Having learned that voters don’t like to see their taxes go up, politicians often try to export the tax burden. The go-to move for many state and local lawmakers seeking to raise revenue is to hike taxes on people who can’t vote them out of office, namely travelers and tourists. Due to the increasing popularity of this approach, taxes on things like hotels and rental cars are exorbitant. Today, taxes account for more than 38 percent of the average cost of renting a car.

The latest example of this trend is on display this week in Louisiana, where the state House of Representatives will consider House Bill 585, legislation that would permit localities to raise taxes on rental cars. Since Gov. Bobby Jindal (R-La.) blocked the continuation of a state-sanctioned rental car tax in 2012, local officials have been eager to reinstate this revenue stream, which had been used on things like parks, museums, and art galleries.

Earlier in the year, this author debated the merits of the proposed rental car tax with local officials lobbying for its passage. The mayor of one Louisiana town implored that “it isn’t fair” that his town is not able to tax rental cars.
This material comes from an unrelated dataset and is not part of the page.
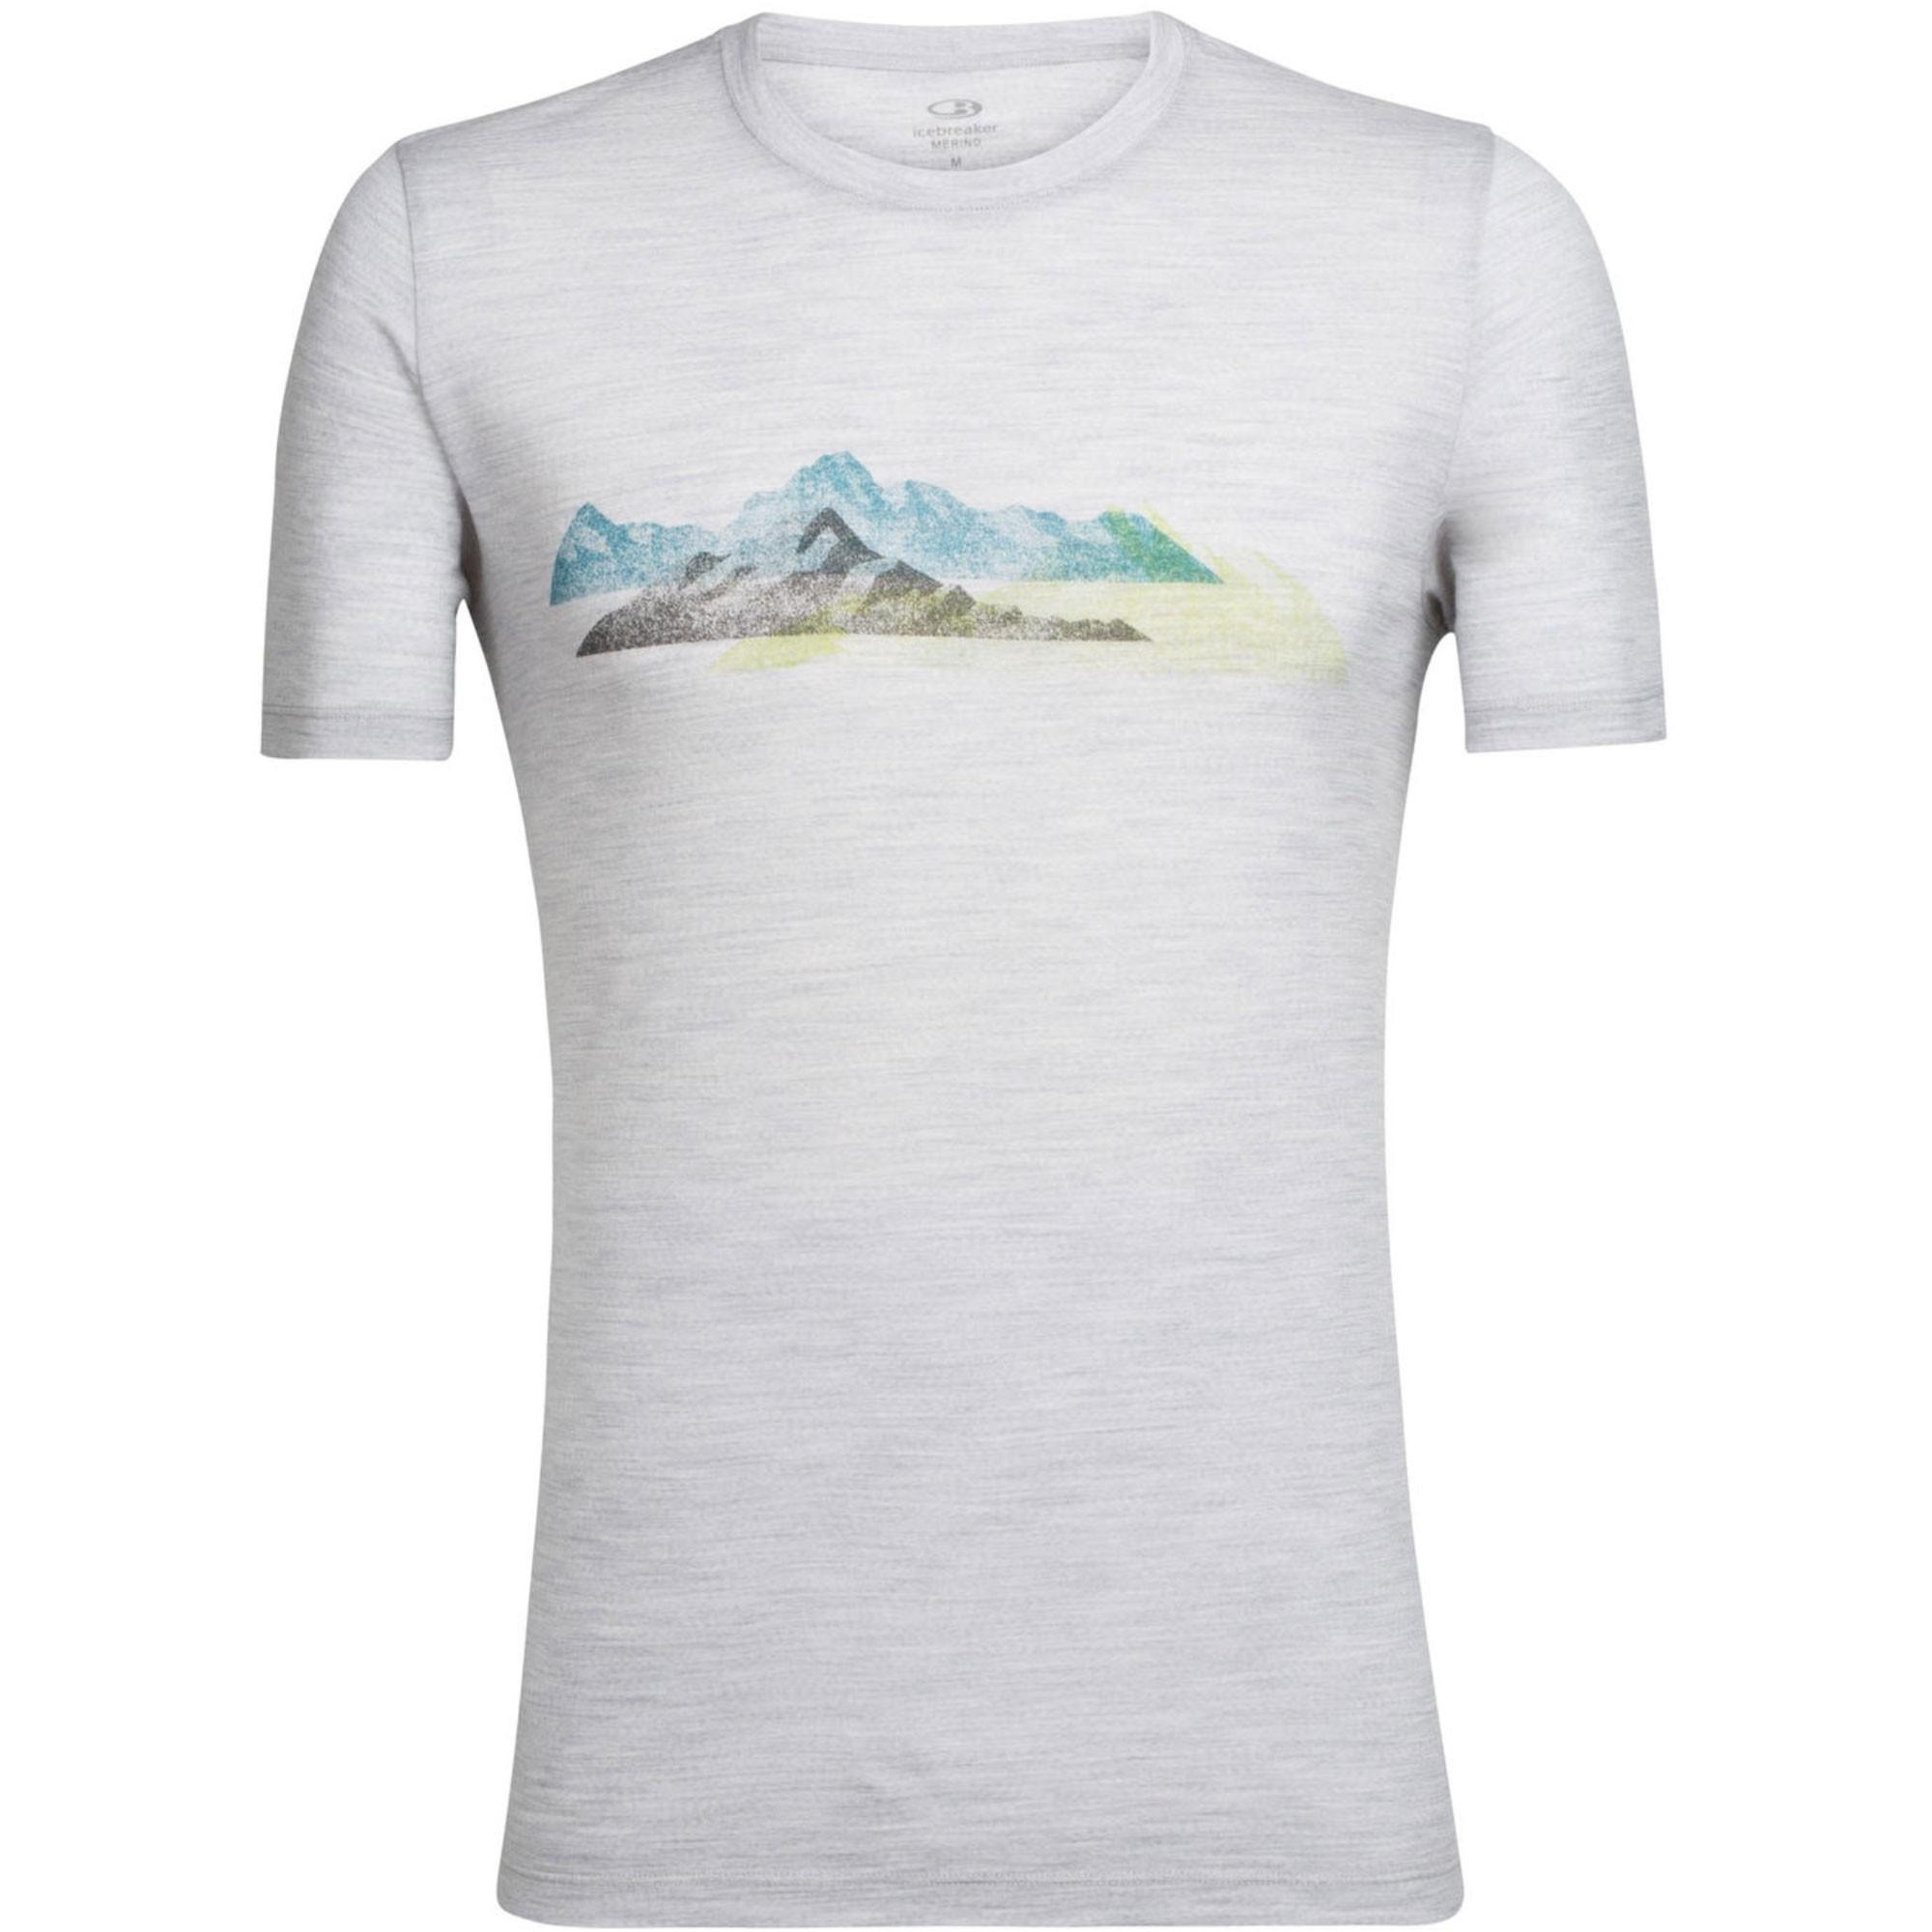 Icebreaker Tech Lite SS Crewe T-Shirt - Misty Peak - Blizzard Heather
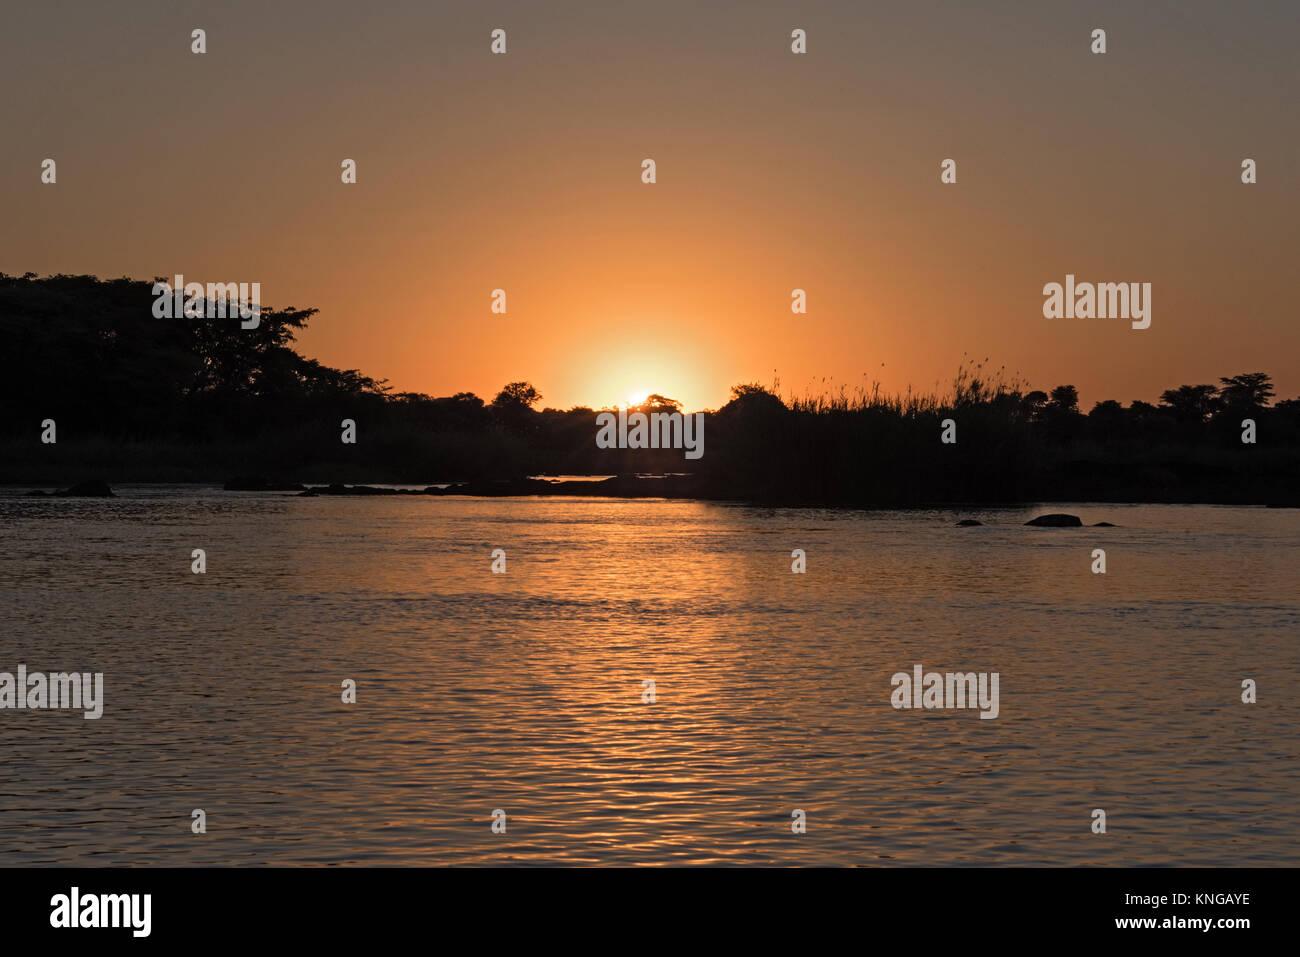 sunset on the okavango river in namibia - Stock Image

However, the mayor’s lament raises an important question. What exactly is “fair”? How “fair" is it to put the cost of things like museums and parks on the backs of people who won’t even get to enjoy them? Not very.

Rental car taxes are a relatively new revenue raiser. The first rental car tax was enacted in 1976. Today, 43 states and the District of Columbia subject car renters to 118 special rental car excise taxes, often under the faulty assumption that they only hit travelers and not their voting constituencies.

While the political advantage of exporting the tax burden to non-voters is clear, these taxes don’t always hit their intended target. Since the majority of the rental car business deals with replacement vehicles, much of the proposed rental car tax increase would actually be borne by Louisiana residents.

Research also indicates that rental car taxes adversely affect the local economy. A study commissioned by the National Business Travel Association found that rental car tax increases are associated with reductions in both customers and average number of days rented. Demand for rental cars and the length of rentals can decline in response to rental car tax increases, as tourists opt to walk or use other forms of transportation in downtown areas. When visitors still decide to rent a car, they compensate for the increased costs by spending less on meals, hotels, and other activities.

Economists at the Brookings Institution and the Urban Institute studied the impact of a local car rental excise tax in Kansas City. The researchers found a 41 to 59 percent drop in rentals and a 69 to 86 percent drop in the number of rental days at branches affected by the tax.

Rental car companies, unlike other transportation industry enterprises, are unique victims of onerous state and local tax regimes. Railroads and airlines are granted federal protection from the discriminatory taxation faced by those who rent a car. However, there is a federal bill pending in Congress, H.R. 2543, that would put an end to punitive taxation of rental cars. Introduced by Congressmen Steve Cohen (D-TN) and Sam Graves (R-MO), the “End Discriminatory State Taxes for Automobile Renters Act” would prohibit state and local governments from imposing discriminatory taxes on car rentals, like the kind being debated in the Louisiana legislature.

Congress passed a law in 1994 that was intended to stop discriminatory rental car taxation. “Unfortunately,” said Rep. Graves, “local governments have found and exploited a loophole to finance stadiums, convention centers and other non-airport related projects.” The proposed federal bill would, in Rep. Graves’ words, “close the loophole that discriminately taxes unsuspecting consumers.”

“These taxes raise prices for consumers and harm our local employers,” said Rep. Cohen, adding “This is an unfair practice that must stop.”

Reps. Graves and Cohen’s bill would put an end to discriminatory state and local rental car taxes for good and Congress should pass it. In the meantime, Louisiana lawmakers can help stop this practice by rejecting the rental car tax bill that they will vote on this week.